West Lothian is where it’s at and where it has been in Scottish music for some time, with Bathgate boy Lewis Capaldi taking on the world, Whitburn quartet The Snuts topping the UK charts with their debut album WL and an honourable mention for Susan Boyle, who continues to live a modest life in her native Blackburn despite being regarded as a pop oracle in the US.
Bathgate native Luke La Volpe is looking like the next commercial contender, having scored a Scottish No.1 with his single Dead Man’s Blues and won Male Breakthrough Artist at the 2020 Scottish Music Awards. The 25-year-old singer/songwriter has supported other guitar-toting troubadours such as Tom Walker, Jake Bugg, Tom Grennan and his childhood pal Capaldi, with whom he shares a friendly rivalry and a booming voice.
La Volpe learned his vocal chops from his grandfather Richard, who introduced him to Sinatra and other swing artists, and he has adopted some of that storytelling melodrama in the songs he has been writing for the past decade. By early 2020, he was starting to build his own momentum, selling out Glasgow’s legendary King Tut’s in a day.
When lockdown slammed on the brakes, La Volpe quickly organised an online concert series called Sofathon Singalong, building to a 24-hour marathon session to raise funds for the Music Venue Trust. He’s now a patron of the charity alongside Sir Paul McCartney and Billy Bragg.
The Sofathon also yielded a fortuitous connection when one of the performers, The View frontman Kyle Falconer, suggested they collaborate on a song.
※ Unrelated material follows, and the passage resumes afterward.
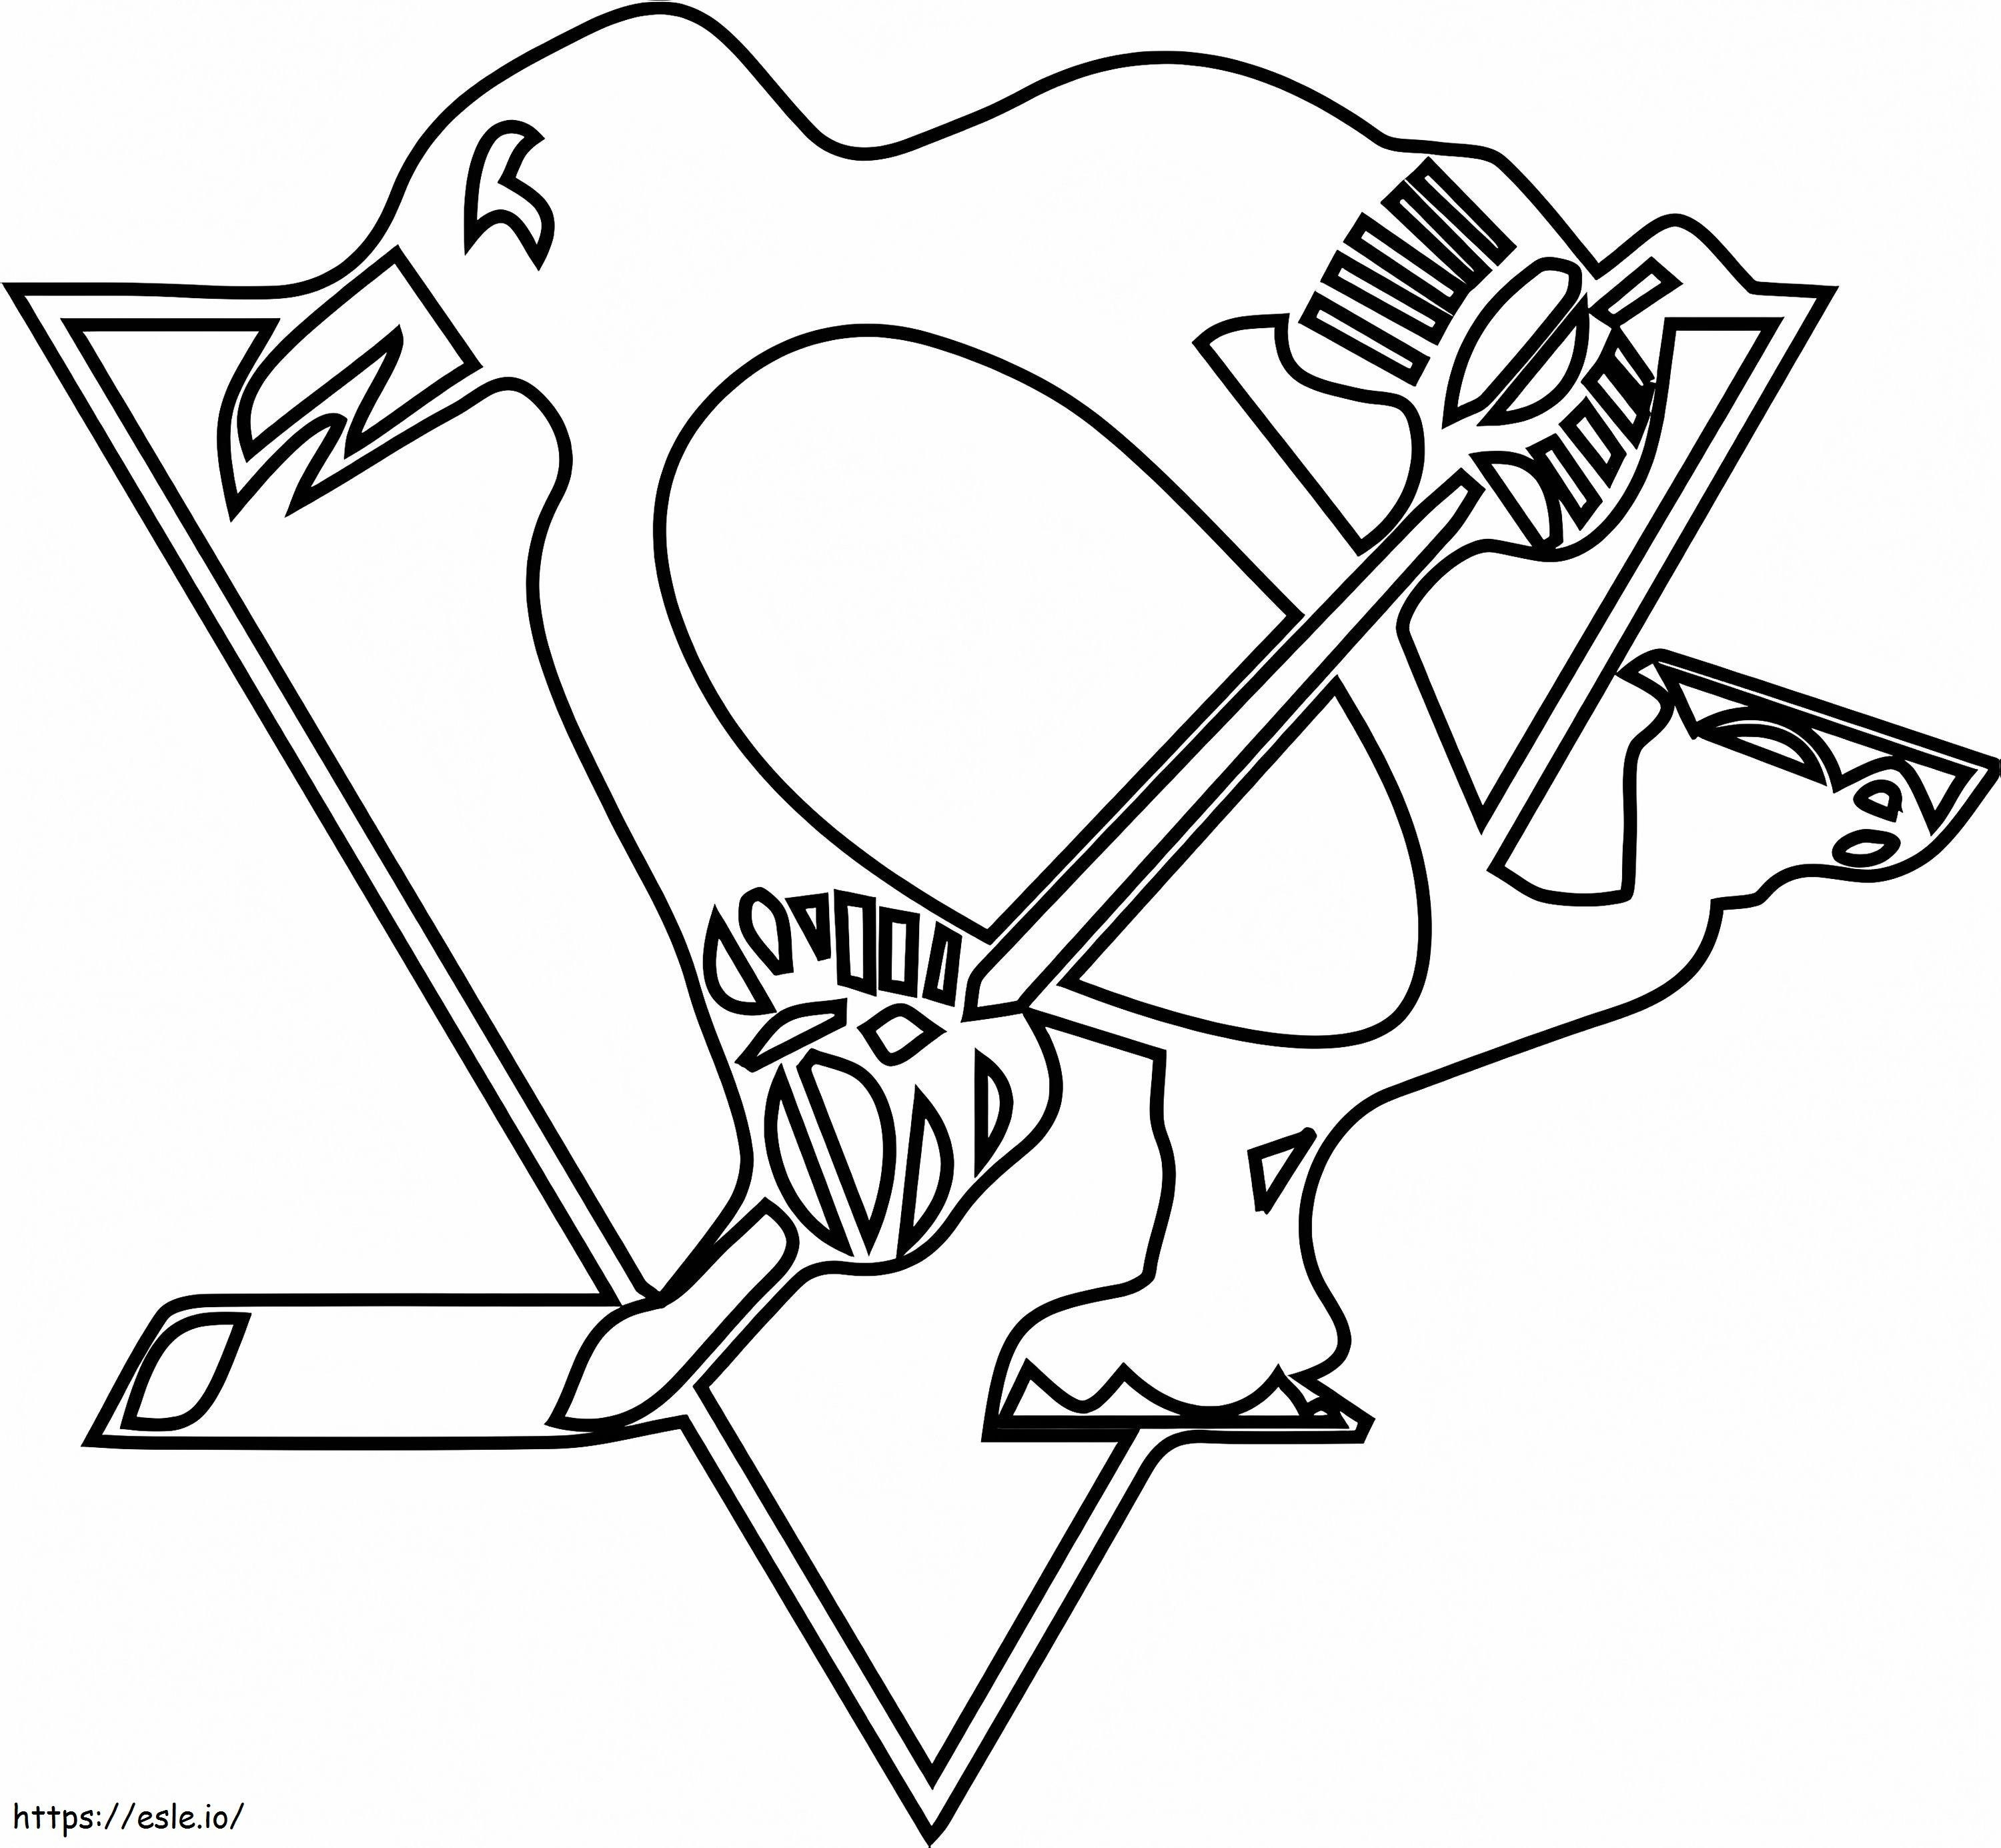 Coloriage Logo des Penguins de Pittsburgh à imprimer dessin
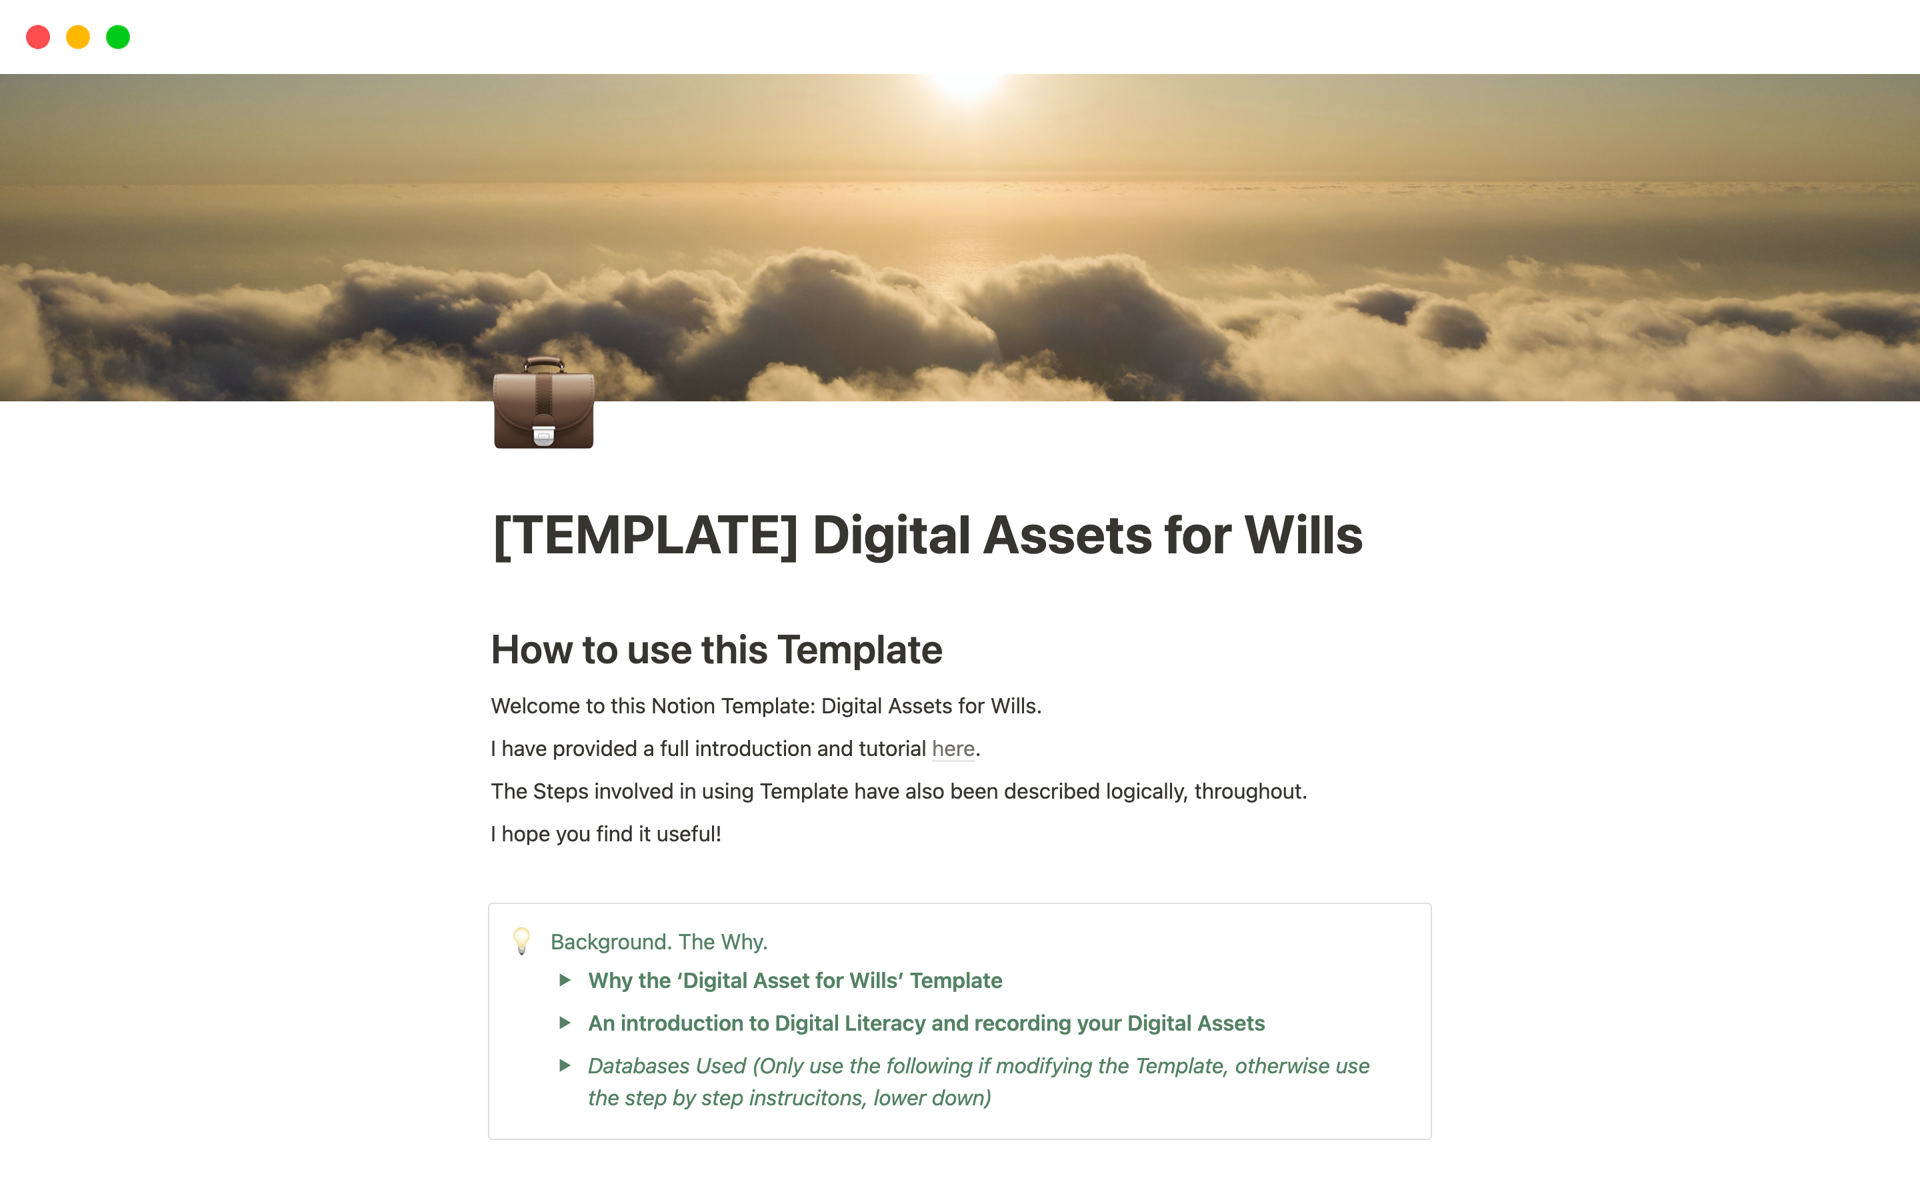 Vista previa de una plantilla para Digital Assets for Wills

The result, Terribly Beautiful, became a streaming hit and a signature tune for La Volpe, who performs a solo acoustic rendition for the Scotsman Sessions, recorded “at my pal Cameron’s house - because he has better recording gear than me and knows how to work it!”
“It’s been a bit of an anthem for me over the last couple of years,” says La Volpe. “When I play it live, there’s always a big singalong and a bit of a tear in the eye. ‘When I’m alone I feel nothing, when I’m with you I feel something’ has a lot of meaning for folk I think. It really reflects what we were all going through at the time, bad and good.”
La Volpe is quite happy to use that apposite cliché “emotional rollercoaster” to describe the last two years. “I’ve had some dark times as well as great moments,” he says. “Having to keep postponing gigs was heartbreaking, and I had to pull out of the big one at TRNSMT because I got Covid.”
La Volpe gets to play a TRNSMT rematch this summer, on the same bill as one of his musical heroes, Paolo Nutini. Other summer bookings include the Belladrum Tartan Heart festival, Linlithgow’s Party at the Palace and supporting his mucker Capaldi at the Lytham Festival, all hopefully preceded by a new five-track EP. “Feels like maybe we’re through the dark tunnel now and back out into the light,” he says.